It is such a privilege to be part of the planning community and a distinct and humbling honor to lead the South Carolina Chapter of the American Planning Association (SCAPA). As I work here in South Carolina, travel to projects around the country, and volunteer within this organization, I am continuously reminded of the “Big Tent” that planning embraces. Inclusiveness is not just a concept for planners, it is a way of life.

We exhibit our passion for inclusion through the way we work with communities and the manner in which we build our profession. I often speak about the agility of planning and that we have the luxury of many specialties within the planning profession that provides planners the opportunity to reinvent themselves without actually changing career paths. This also allows us to welcome individuals from all walks of life and backgrounds into planning. We embrace these unique perspectives, knowing that each new viewpoint makes our profession stronger. While we strive to make the planning profession elite and valued, the concept of elitism is not part of our lexicon and I hope that it never will be.
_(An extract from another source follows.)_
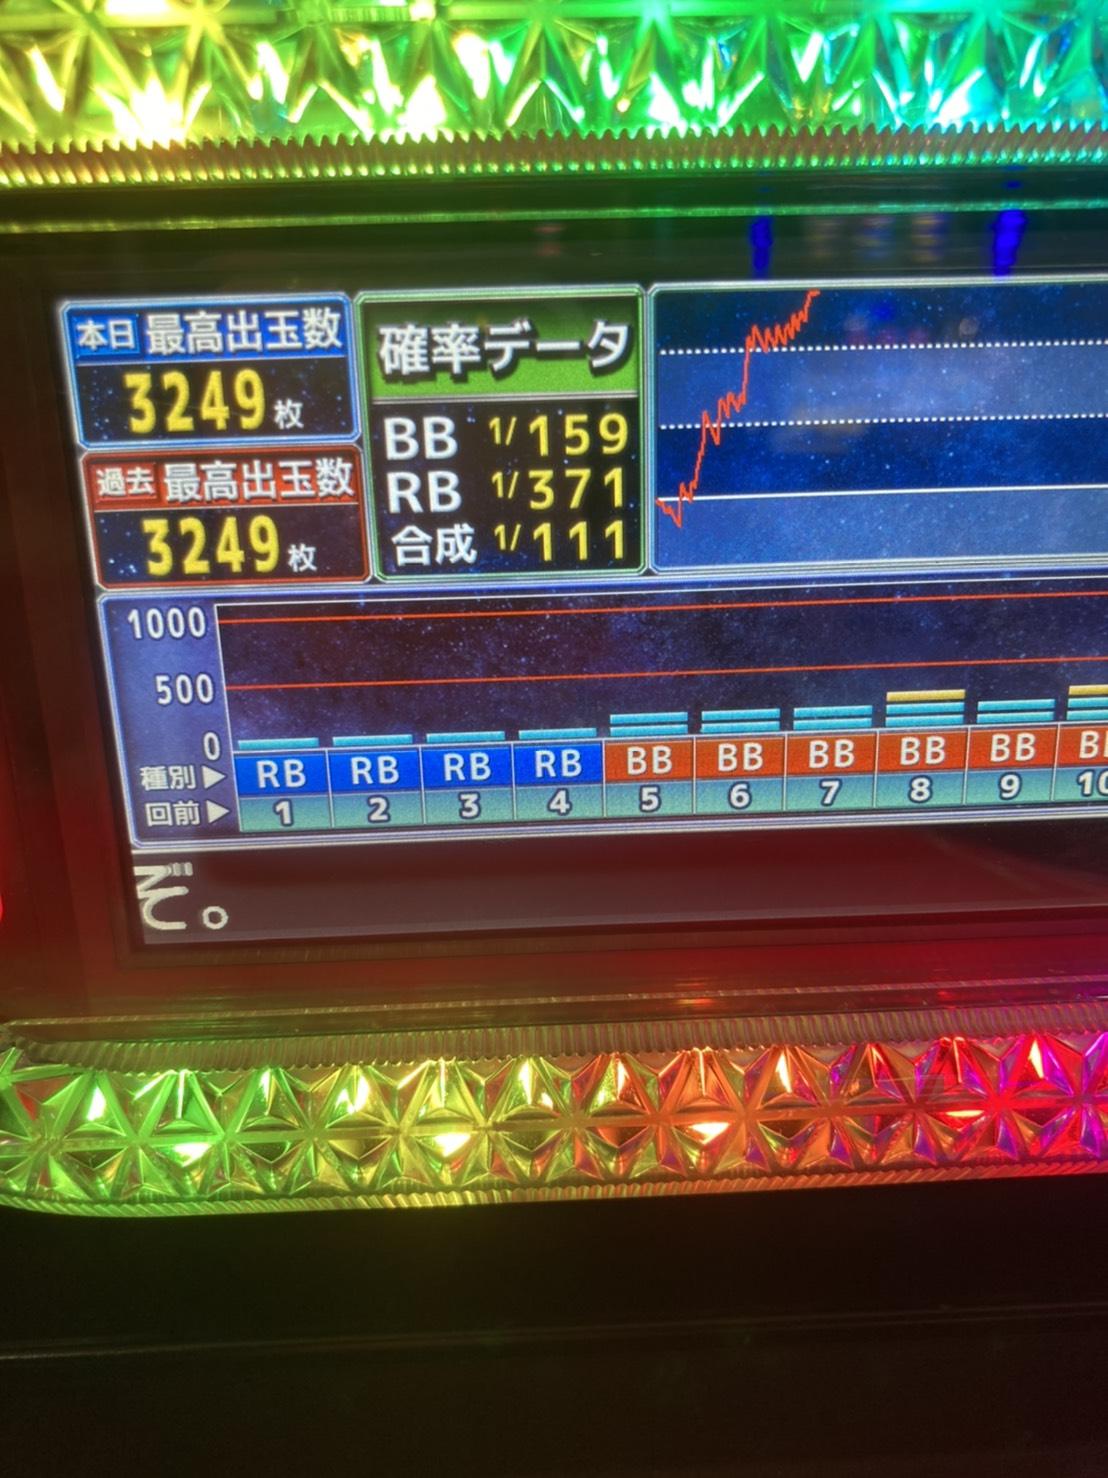 63c18cfb6a89d84ae3f25c1510f16c0f8f6a0a35

During the “silly season” that we are in with Presidential primaries, pontificating, and posturing, you often hear about one or another political party’s efforts to increase their reach to new constituencies referred to as them having a “Big Tent.” However, those are generally just words and platitudes aimed at securing votes. While I believe planning’s “Big Tent” is much more genuine, we still have work to do. It is important that we not only welcome inclusivity in planning but encourage, nurture, and create opportunities for inclusion as well.
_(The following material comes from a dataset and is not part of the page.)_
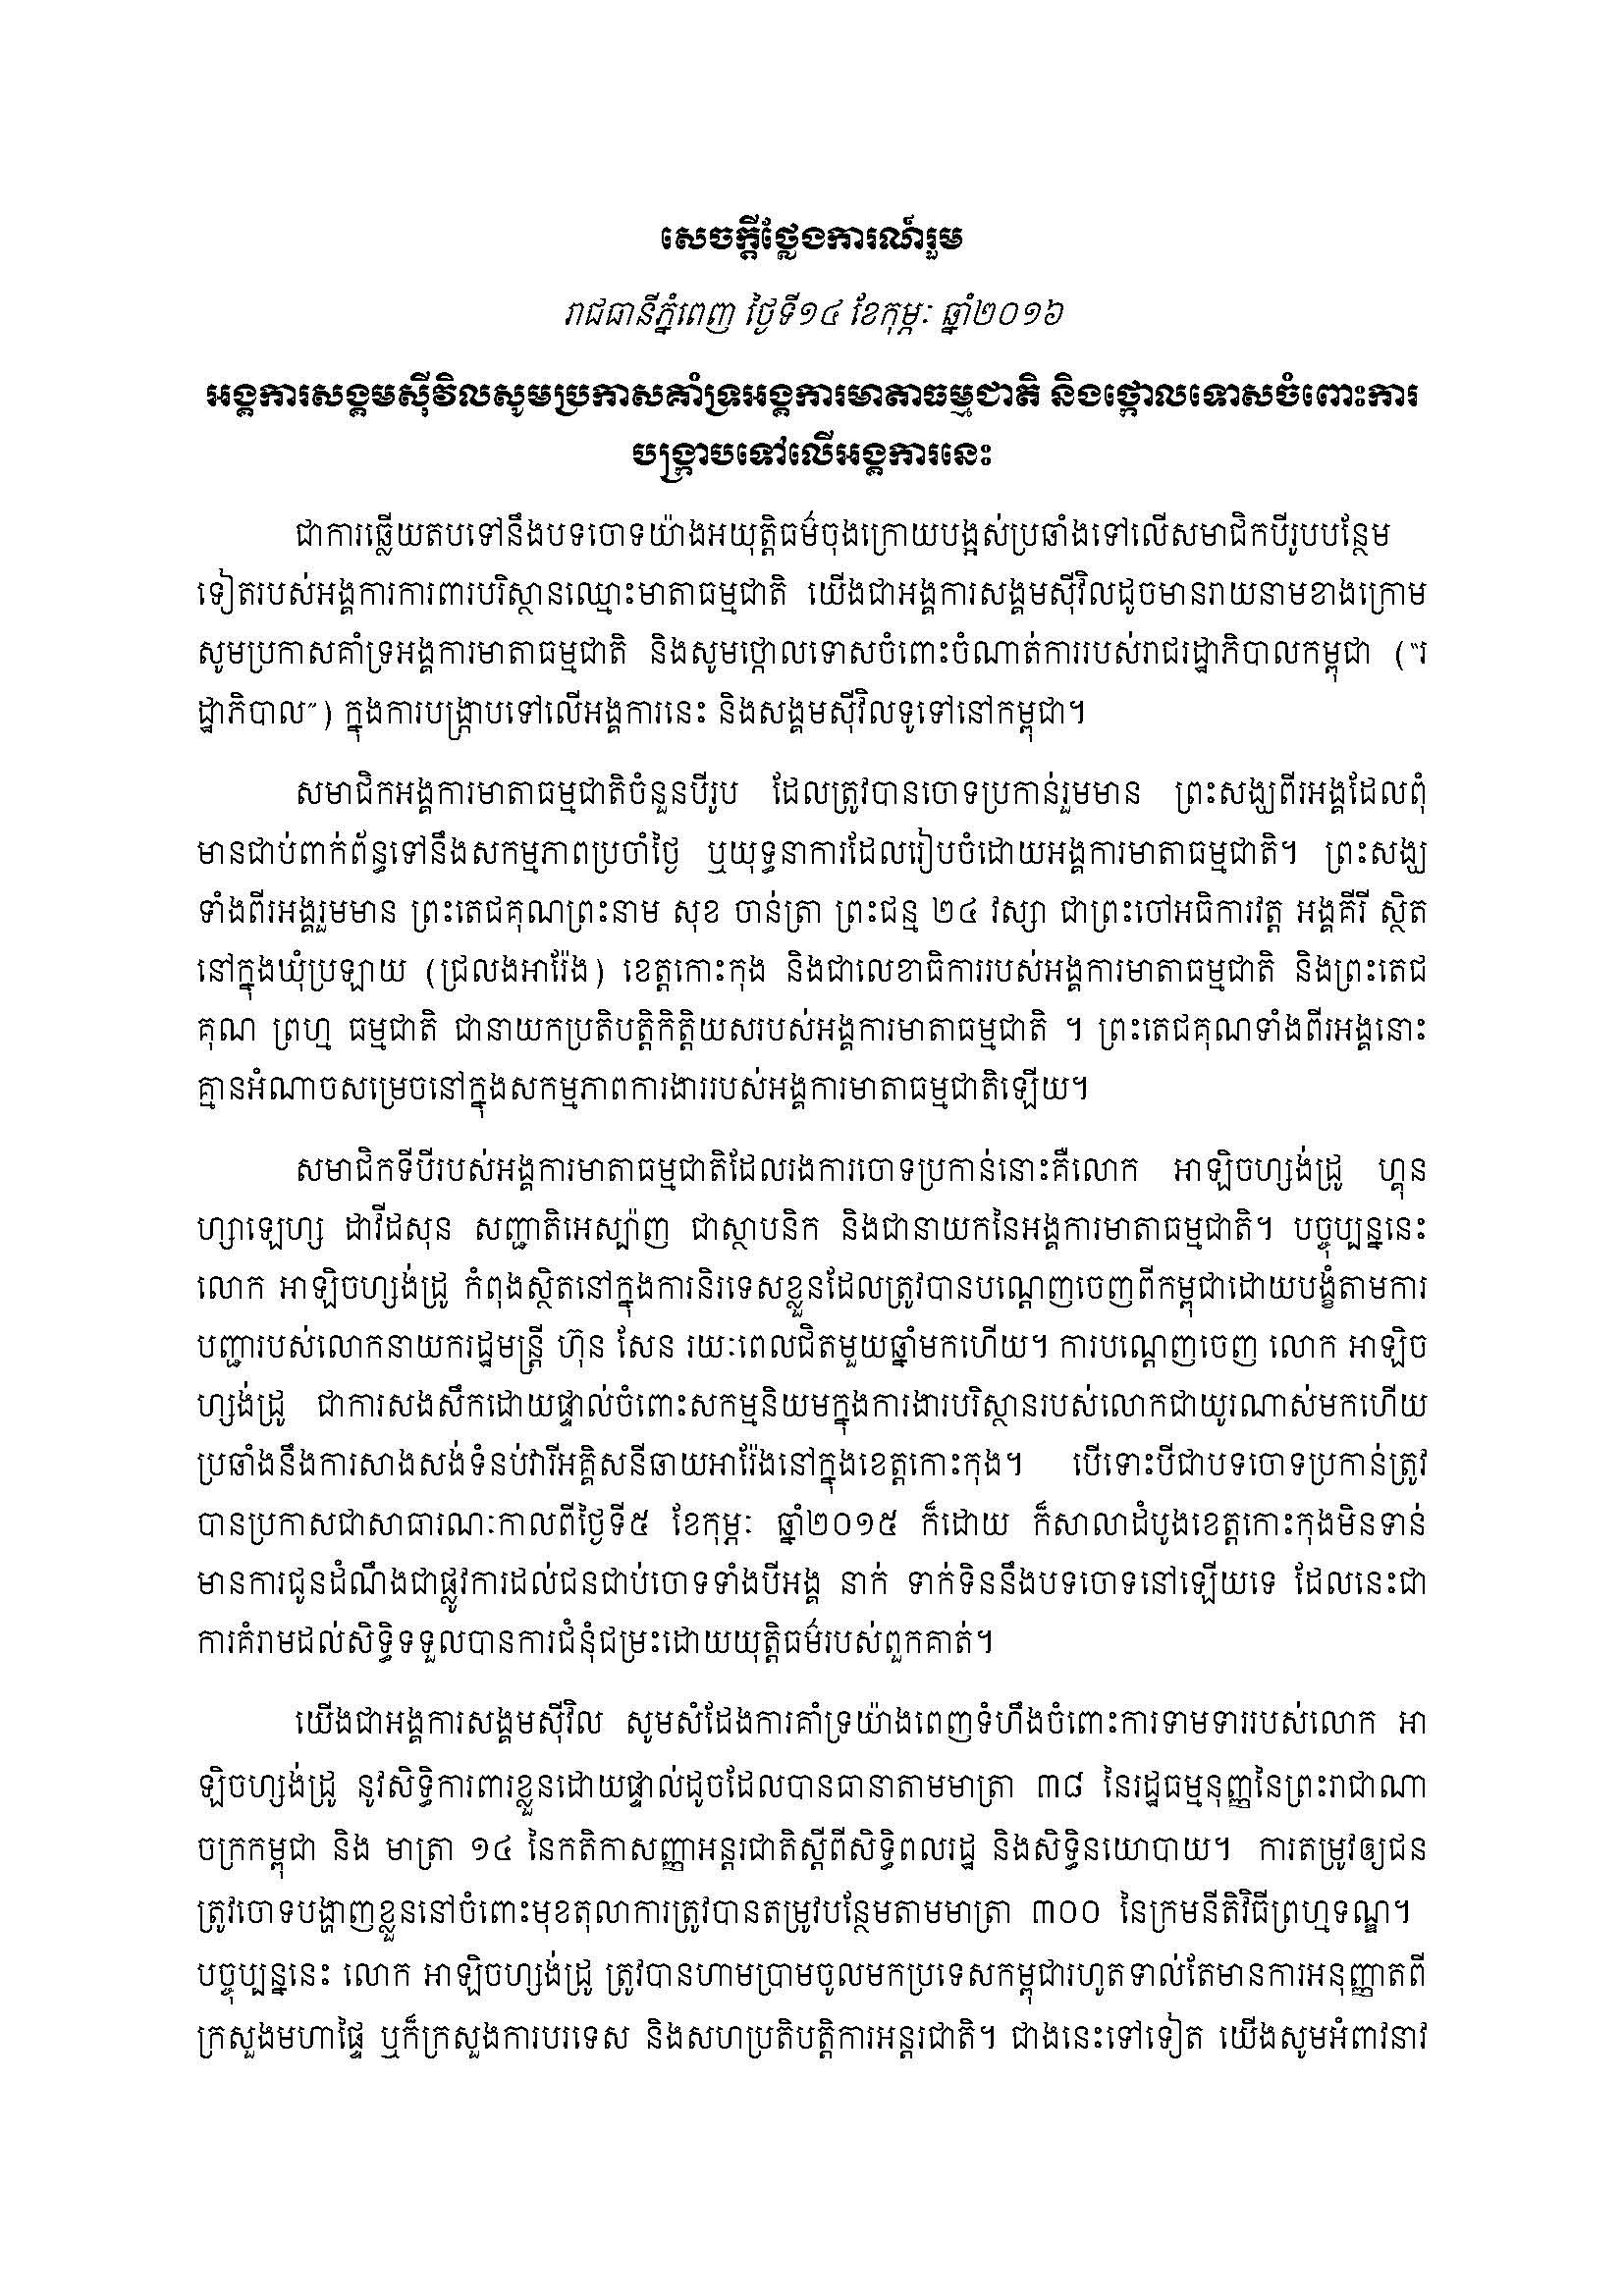 605_201jcdsfmnk_kh_Page_1

Broadening our reach and providing meaningful opportunities for everyone to be involved in planning is firmly embedded in the American Institute of Certified Planners (AICP) Code of Ethics and Professional Conduct. Whether you are AICP certified or not, the tenets espoused within the Code are applicable to all members of SCAPA, board and commission members, and planning staff. The Code’s “Principles to Which We Aspire” offer many standards that speak of planning’s desired inclusiveness. A sampling include:

  • We shall give people the opportunity to have a meaningful impact on the development of plans and programs that may affect them. Participation should be broad enough to include those who lack formal organization or influence.
  • We shall seek social justice by working to expand choice and opportunity for all persons, recognizing a special responsibility to plan for the needs of the disadvantaged and to promote racial and economic integration. We shall urge the alteration of policies, institutions, and decisions that oppose such needs.
  • We shall contribute time and resources to the professional development of students, interns, beginning professionals, and other colleagues.
  • We shall increase the opportunities for members of underrepresented groups to become professional planners and help them advance in the profession.

I invite your ideas on how SCAPA can be a more inclusive organization. Additionally, I hope that you will consider getting actively involved with SCAPA by seeking an officer position on SCAPA’s Executive Committee. The call for nominations has been sent, and we desire a strong, diverse representation of our membership to step up and run for office. It is exciting what can be accomplished when we as individuals amass our time and talents to work together for the realization of common goals – that is planning!

It takes all of us to make SCAPA and the planning profession great. I thank you for allowing me to serve as your President.